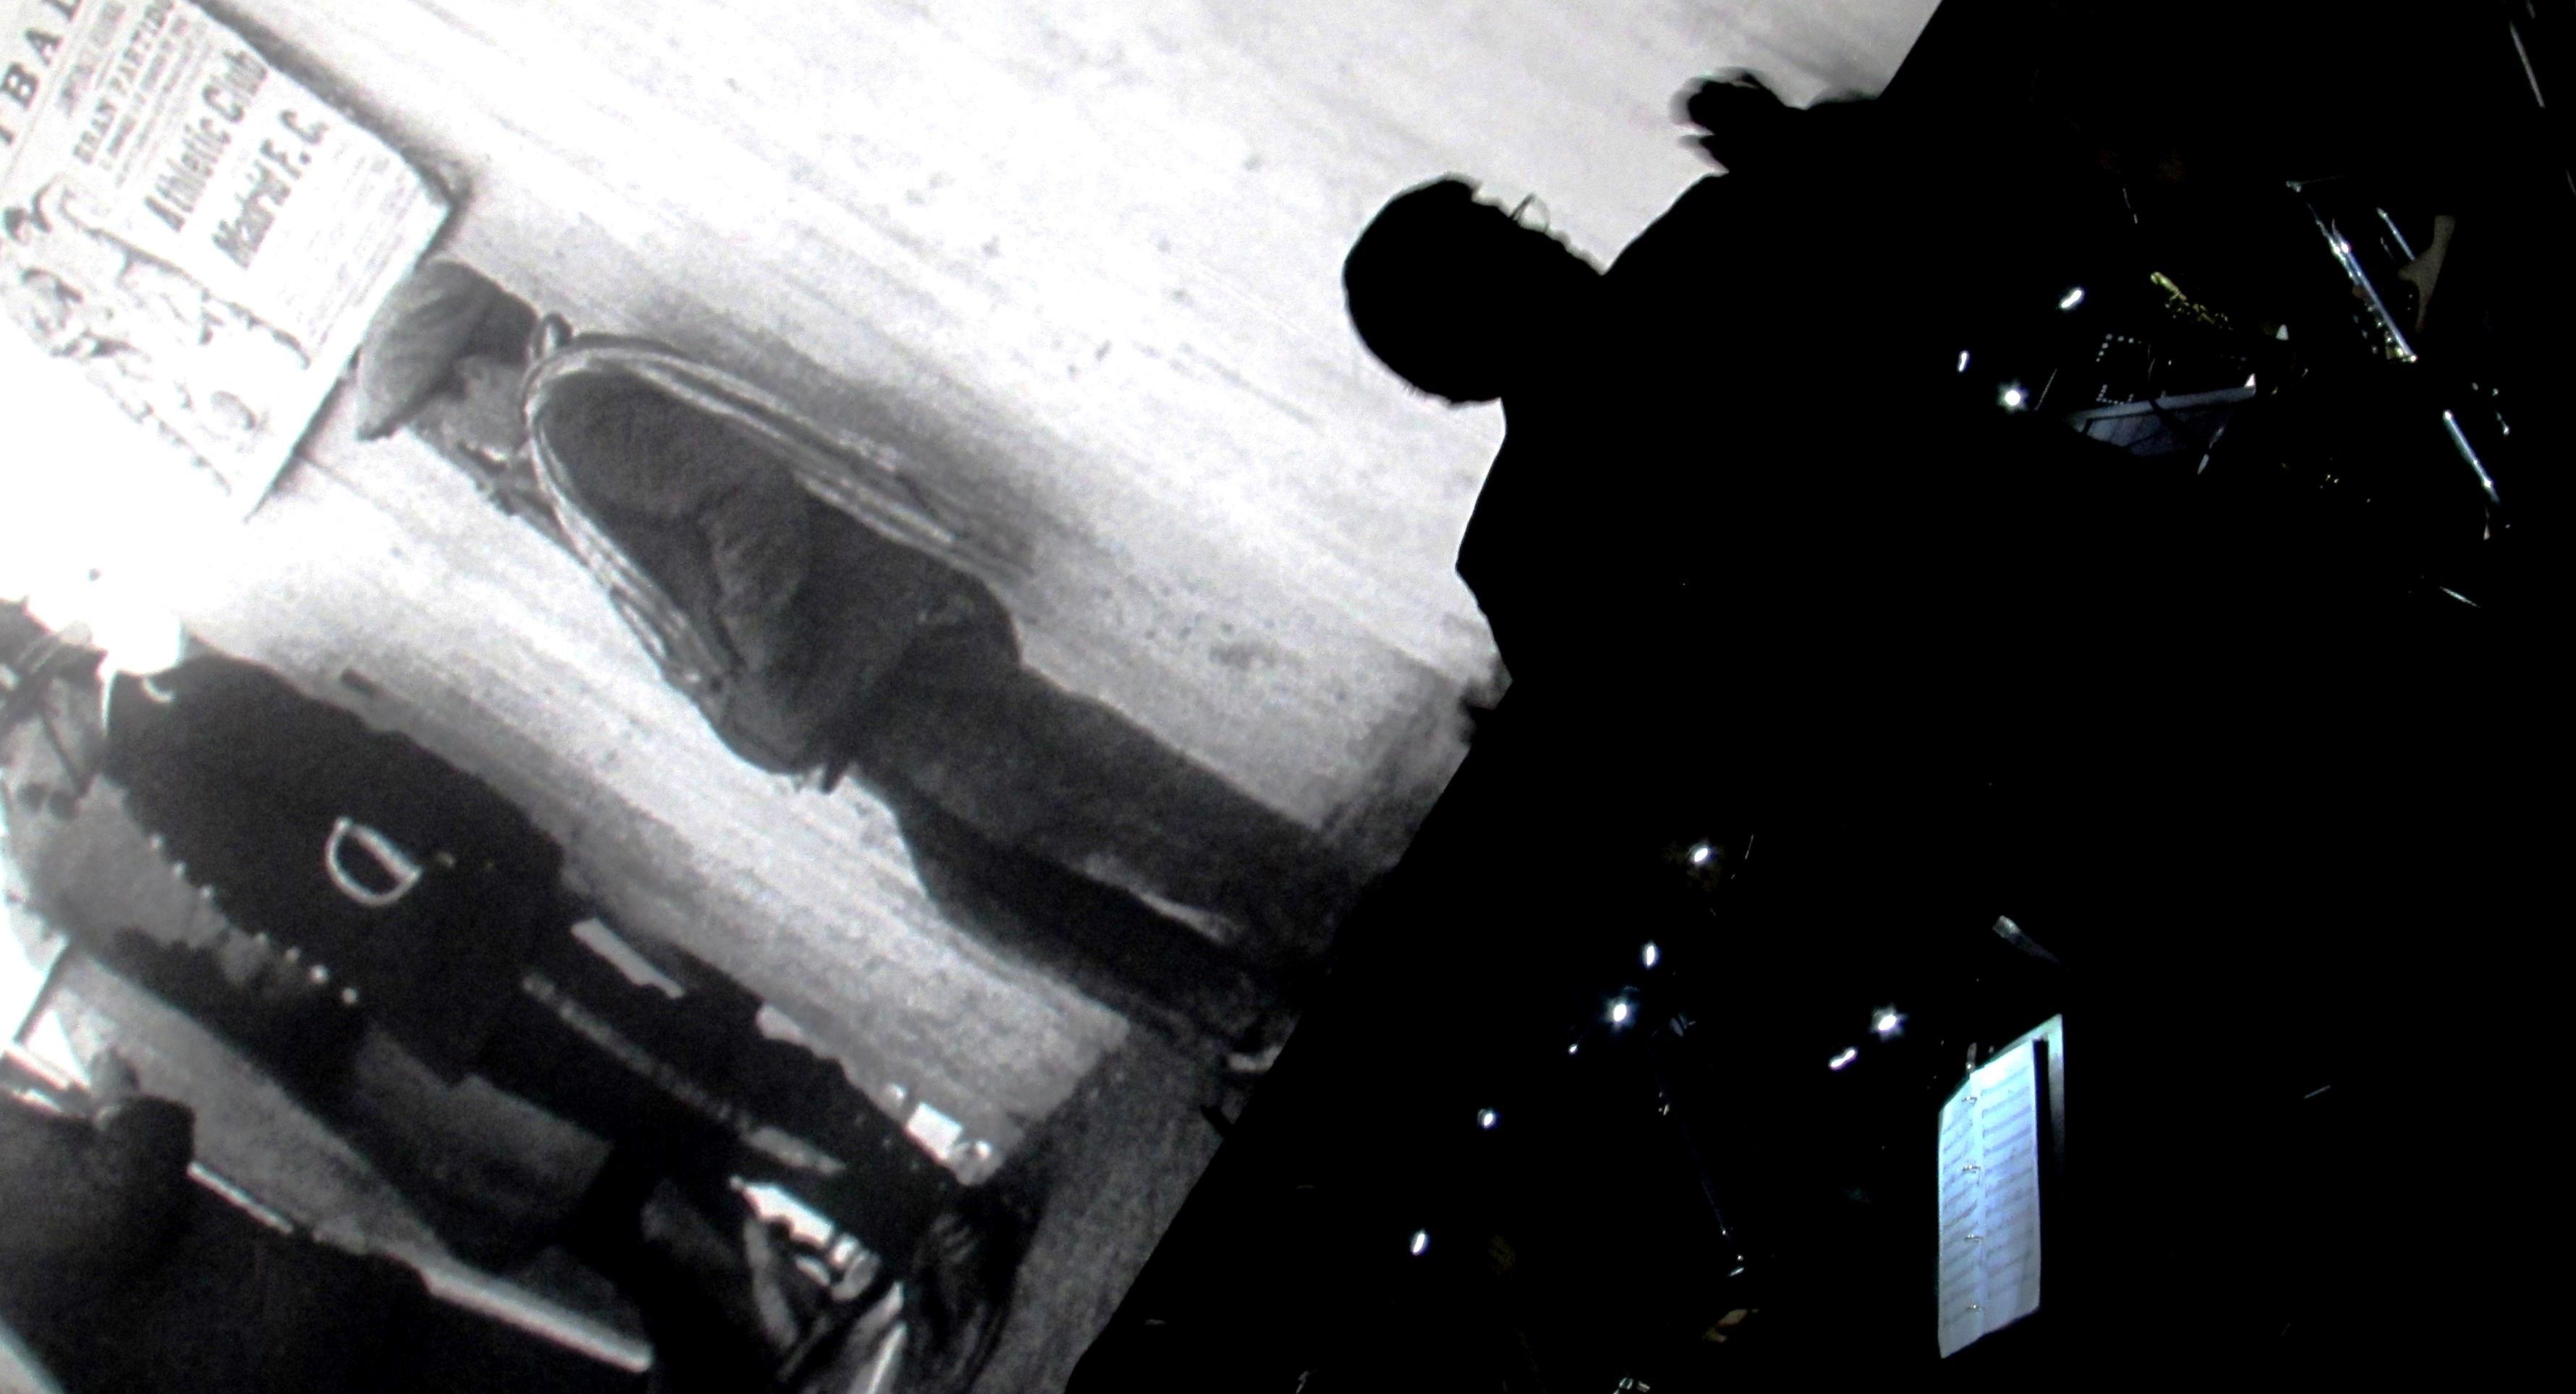 Instantánea de la orquesta interpretando la partitura de Taramasco durante la proyección - Foto: El Inquilino Digital
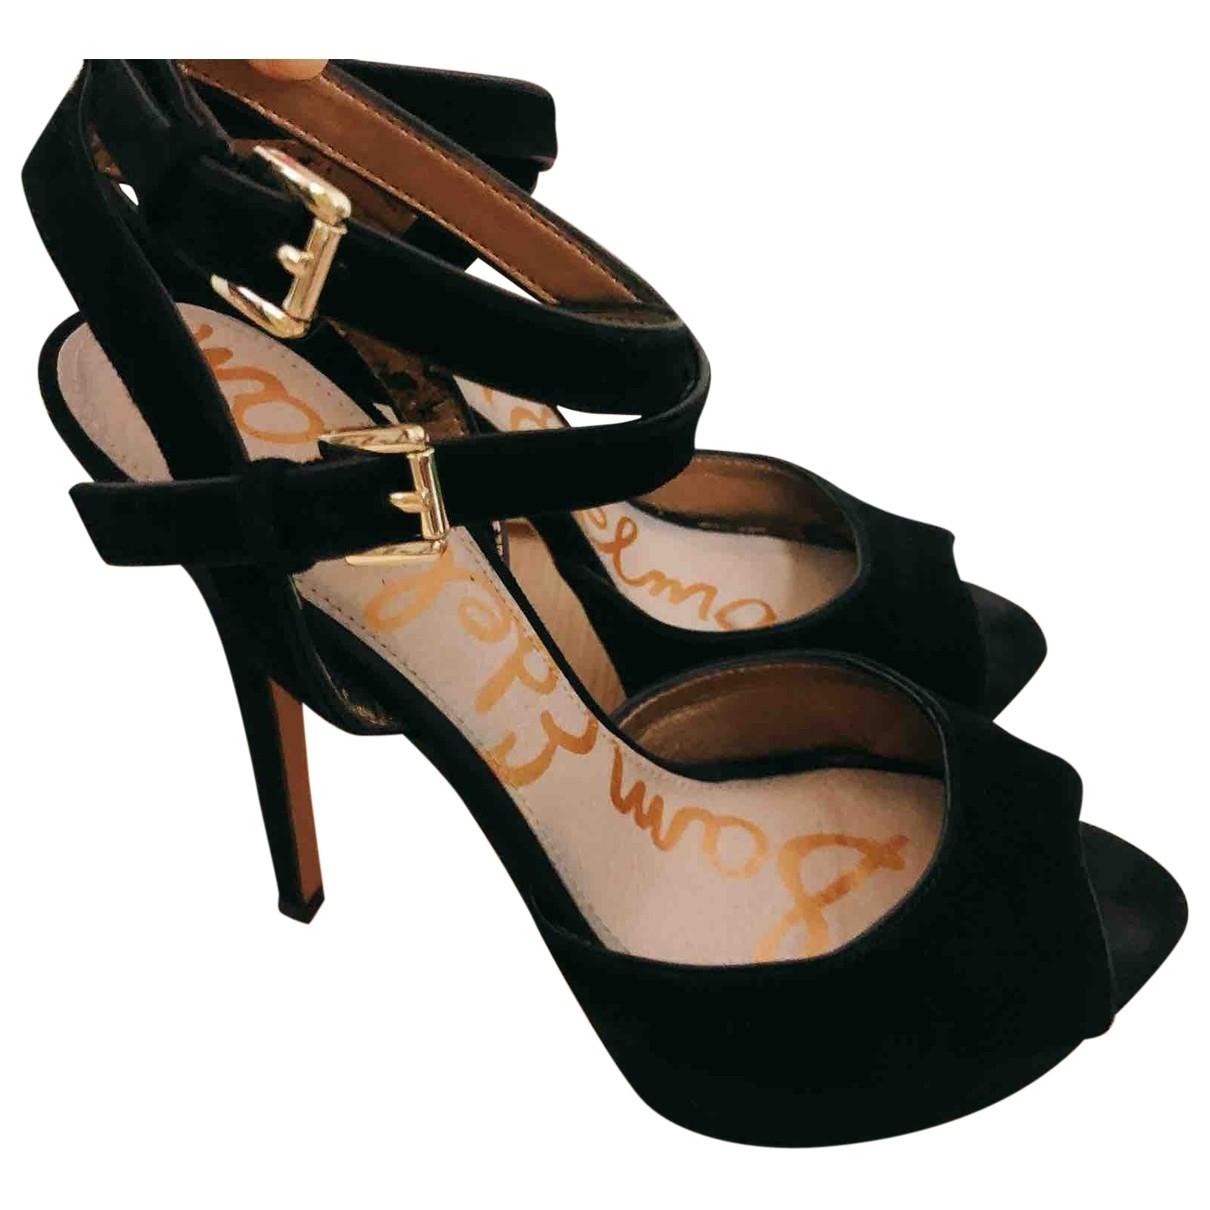 Sam Edelman \N Black Suede Heels for Women 6 US
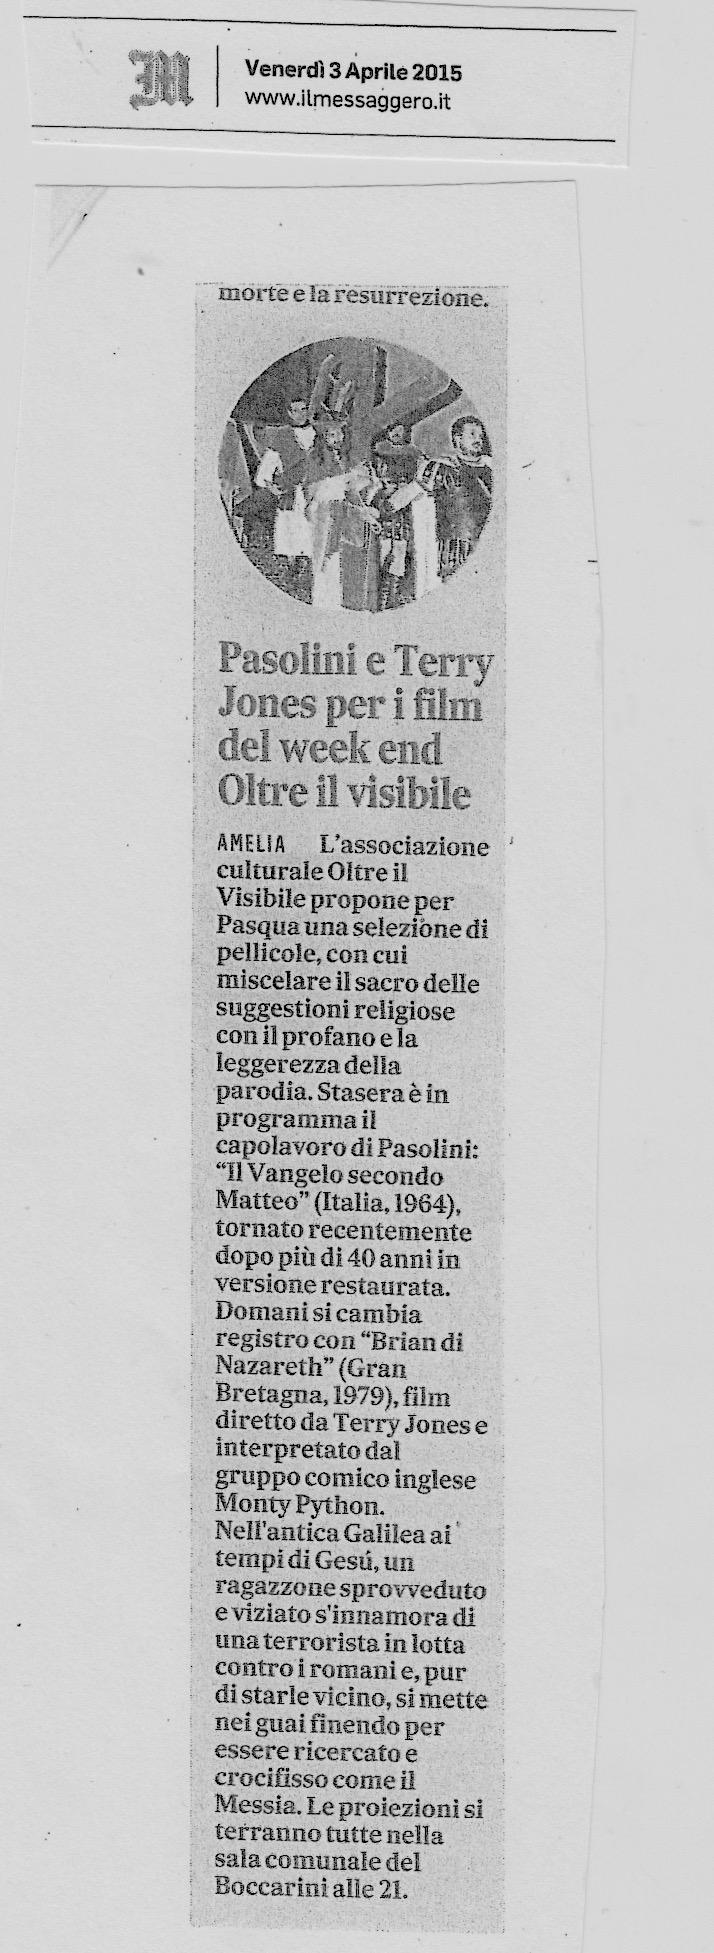 Il Messaggero, 3 Aprile 2015.

WHAT IS NEEDED – Could you copy the lines above exactly and skip the images?

SOLUTION –
 Instantánea de la orquesta interpretando la partitura de Taramasco durante la proyección - Foto: El Inquilino Digital
 Sam Edelman \N Black Suede Heels for Women 6 US
 Il Messaggero, 3 Aprile 2015.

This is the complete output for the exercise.